The City of Port Alberni purchased split-body garbage trucks, which can pick up kitchen and garden waste. NEWS FILE PHOTO

The City of Port Alberni purchased split-body garbage trucks, which can pick up kitchen and garden waste. NEWS FILE PHOTO

Alberni-Clayoquot Regional District eyes compost recycling in the city for spring 2021

Three-stream waste collection system pitched as ACRD begins to phase out organics from landfill

The City of Port Alberni could have curbside compost collection as early as March 2021.

The Alberni-Clayoquot Regional District board—which oversees recycling collection for the region—voted on Wednesday, Aug. 26 to support a three-stream collection of organics, recycling and waste in the City of Port Alberni. The decision still needs support from Port Alberni city council, after which the ACRD will move forward with a request for proposals (RFP) to purchase compost bins and will develop a communication plan for city residents.

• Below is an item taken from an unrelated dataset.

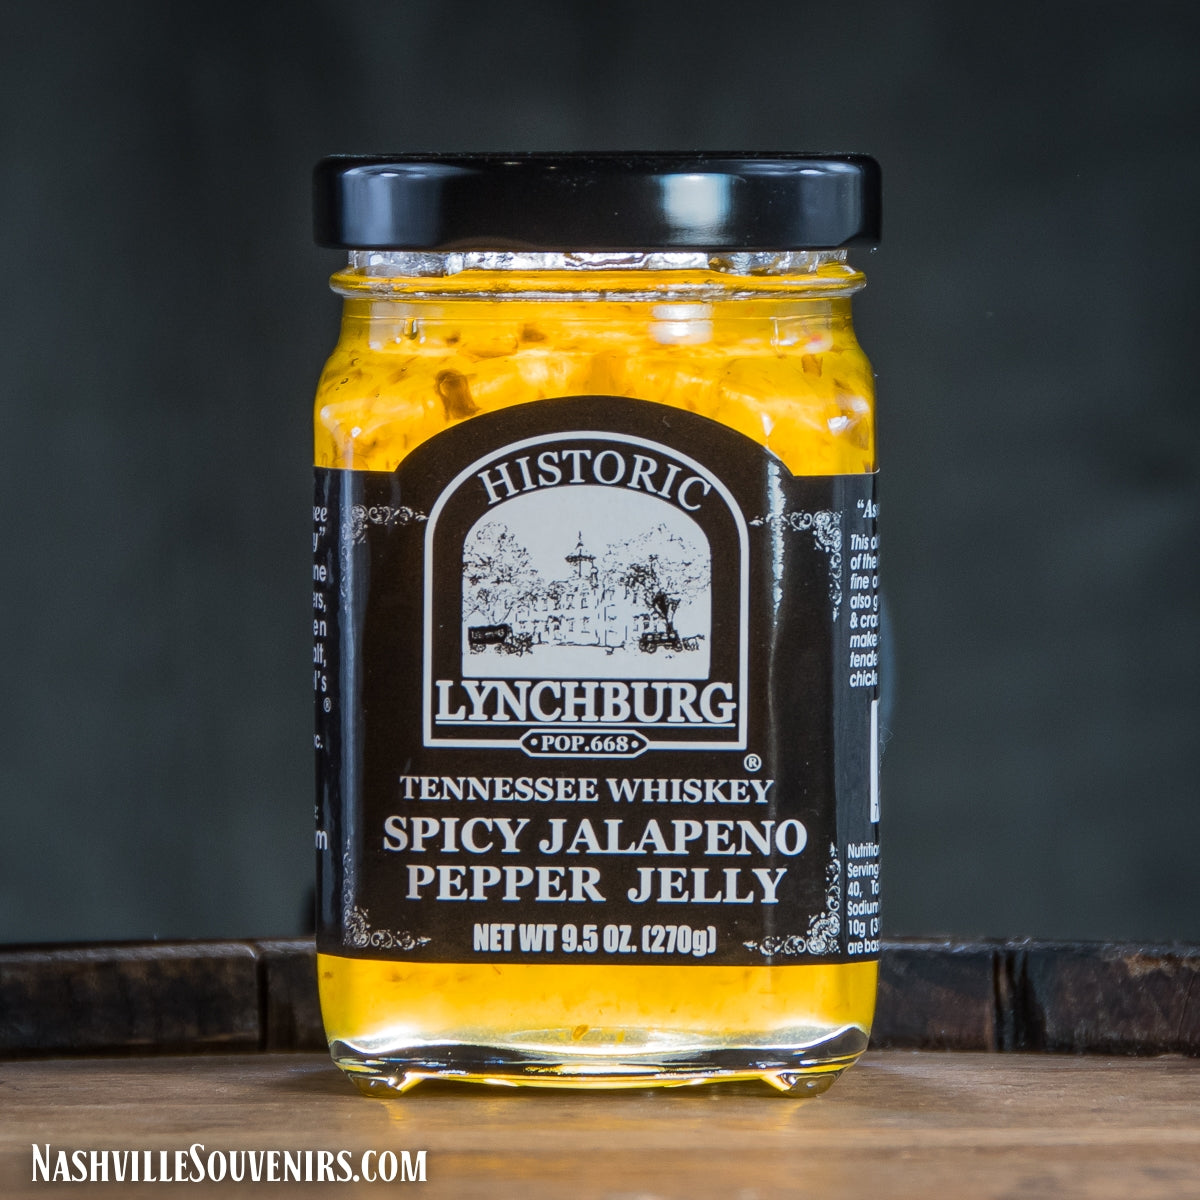 Taste this great Historic Lynchburg Jalapeno Pepper Jelly features that great taste of Jack Daniels Whiskey - yummy! FREE SHIPPING on all US orders over $75!

Currently, the city collects garbage once a week, while bi-weekly curbside recycling is contracted to the ACRD. With this new collection system, the city will collect recycling and garbage on a bi-weekly basis, with organics picked up weekly.

ACRD manager of operations Jenny Brunn explained that this option is the most efficient and offers the lowest cost per household for city residents. The city already owns split-body garbage trucks for kitchen and garden waste.

READ MORE: City to spend close to $1 million on new garbage trucks

Organics will be brought to a local processing facility. The ACRD is still in the process of issuing an RFP to get quotes and select a proponent for organics processing.

“It will be turned into compost, which we can use,” said Brunn.

The RFPs for compost bins and a processing facility will be going out “mostly simultaneously,” said Brunn.

“We’re hoping to get [compost collection] rolling in the spring, so we’re just trying to get that out as soon as possible,” she explained. “With COVID, we expect delays, so we’re hoping it will be within a six-month window.”

READ MORE: Alberni-Clayoquot Regional District gets serious about composting

Director Penny Cote of Sproat Lake said she supports this service for the city of Port Alberni, but doesn’t support implementation for the rural areas of the Alberni Valley without further consultation. Many of the rural areas currently have private garbage collection.

“I don’t know that the purchase of these bins is what the rural areas want to do,” she said. “Most areas…are not having garbage collection through the regional district, it’s on a personal basis. I think there’s much more consultation that needs to go on.”

Brunn agreed that there will be more consultation before the ACRD moves forward with collection in the Alberni Valley and on the West Coast.

Beaver Creek director John McNabb pointed out that in the future, the Alberni Valley Landfill won’t be accepting organic waste at all. Rural residents will have to arrange for a collection service, or begin their own compost.

“The idea of all of this is to remove organics from our landfill and make sure that we don’t have to go to gas extraction,” he said. “This stuff’s not going to go in the landfill.”